Illinois' low credit rating took another hit as it was downgraded to two steps above junk levels, prompting a warning from the state's comptroller Leslie Munger that Illinois would need to double taxes to get out of its budget crisis.

"The thought that we can simply raise taxes alone is not a solution to get us to a balanced budget," Munger said.

Munger says Illinois' fiscal situation is so dire, resolving it with a state income tax increase alone would require more than doubling the current 3.75 percent rate to nearly 8 percent.

Last week Republican Governor Bruce Rauner - who is demanding pro-business, union-weakening reforms in return for a tax increase - warned that another credit downgrade was imminent after the Democratic-controlled general assembly adjourned without recommending a balanced budget for the second year in a row.

A Rauner spokeswoman wrote, "This report underscores the need for real structural changes to repair the years of unbalanced budgets and deficit spending by the majority party."

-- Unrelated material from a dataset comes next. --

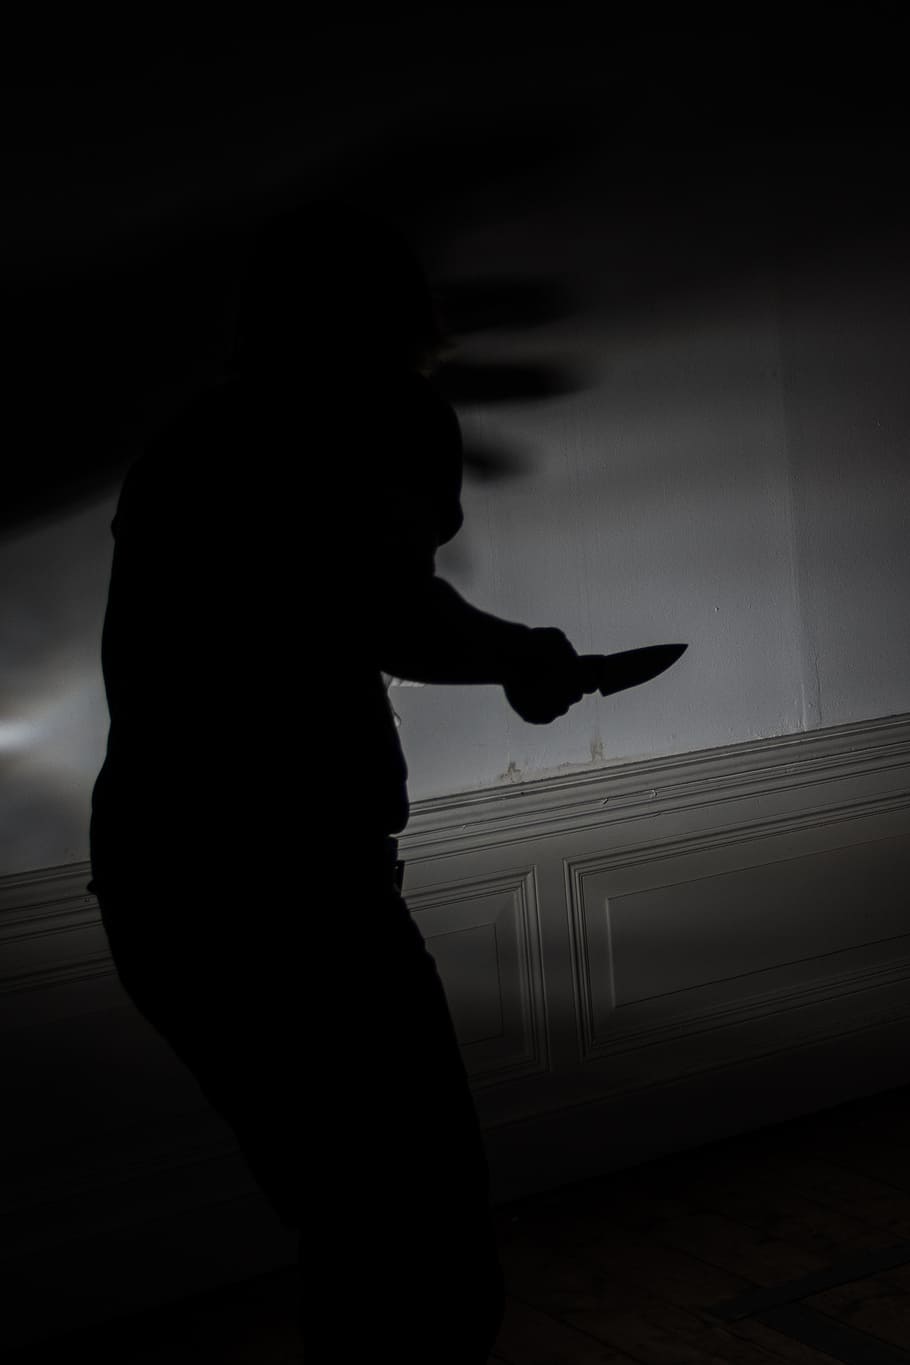 photograph of silhouette person holding a knife, murder, fear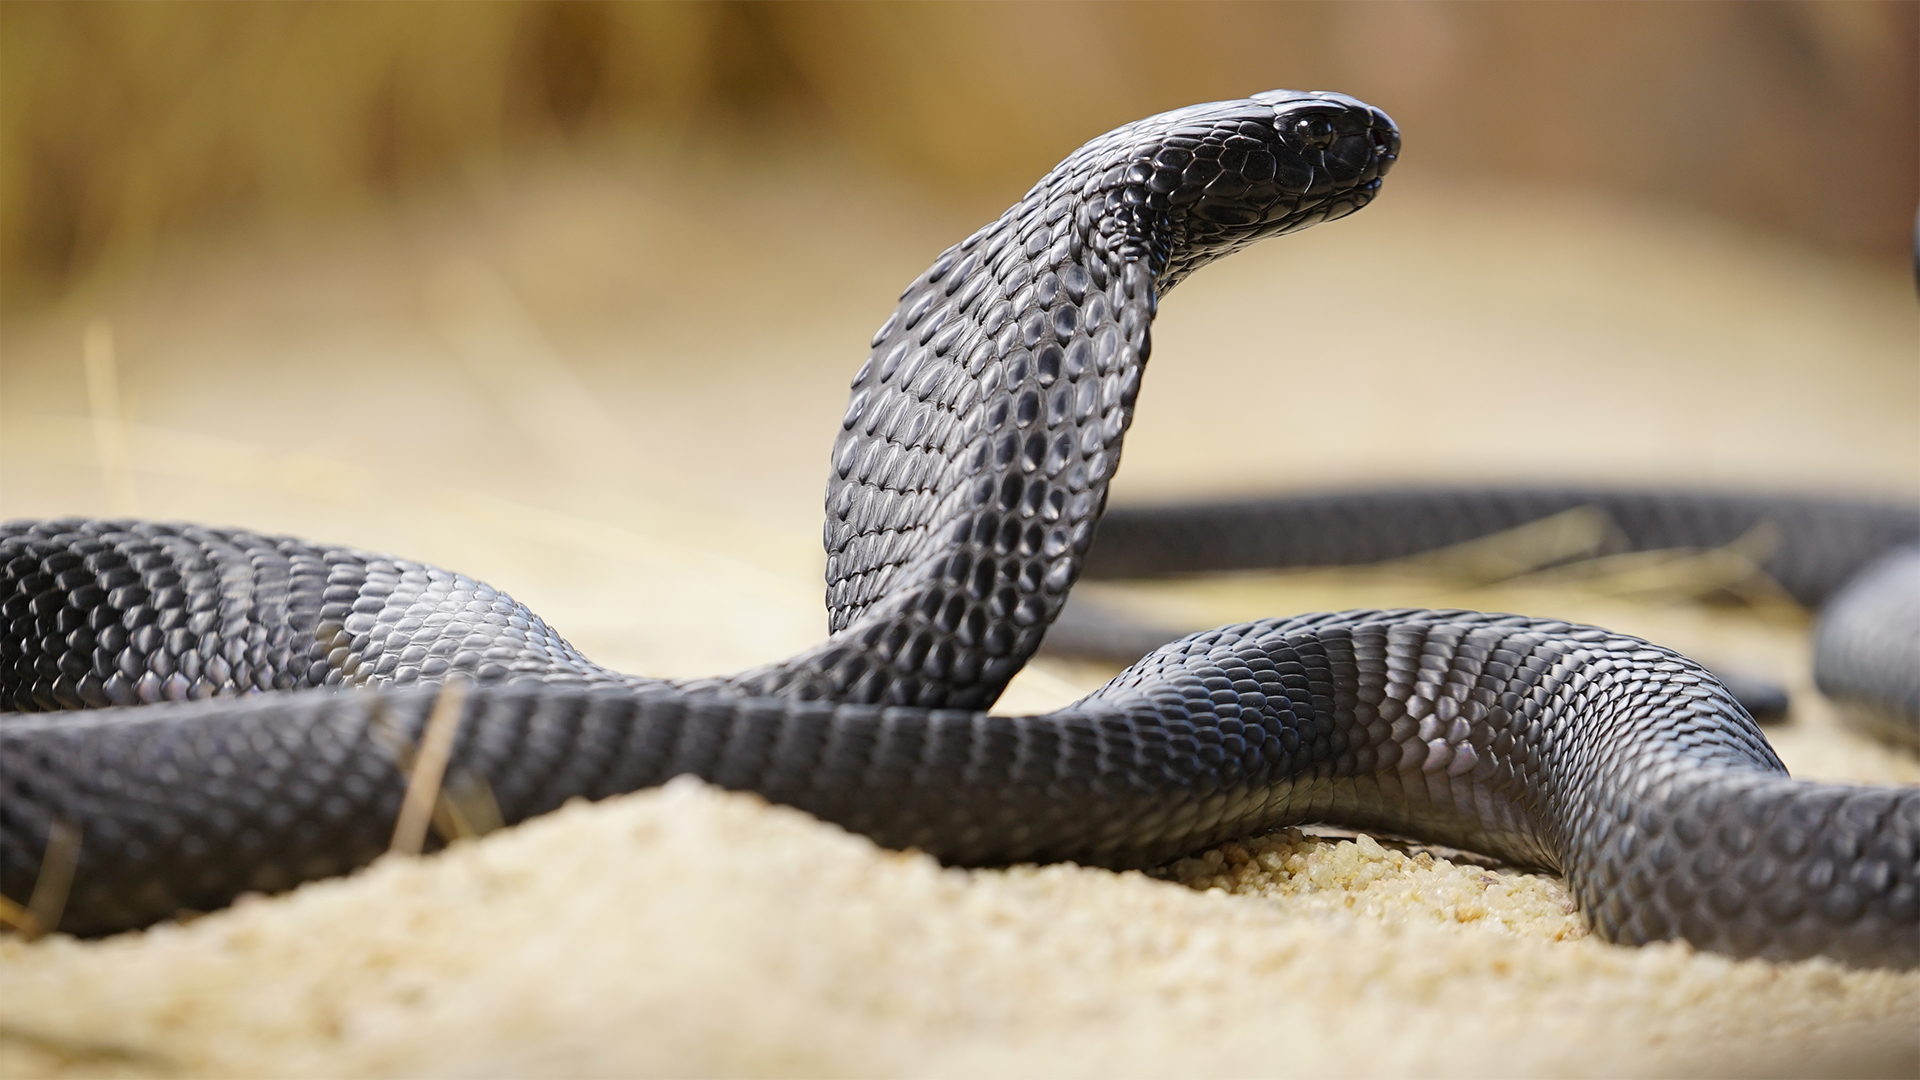 A black spitting cobra (Naja nigricincta woodi). This is from World's Deadliest Snakes. [Photo of the day - May 2022]

But House Speaker Michael Madigan, Illinois' top Democrat, wrote, "The downgrade is directly attributable to Governor Rauner's reckless decision to hold the state hostage for more than a year and to create the crisis he desired."

Pressure on lawmakers and the governor built outside the Thompson Center where hundreds rallied demanding more money for public schools.

"We need that to happen now," said Velia Soto. Asked about a tax increase, she said, "I think at this point everything is on the table."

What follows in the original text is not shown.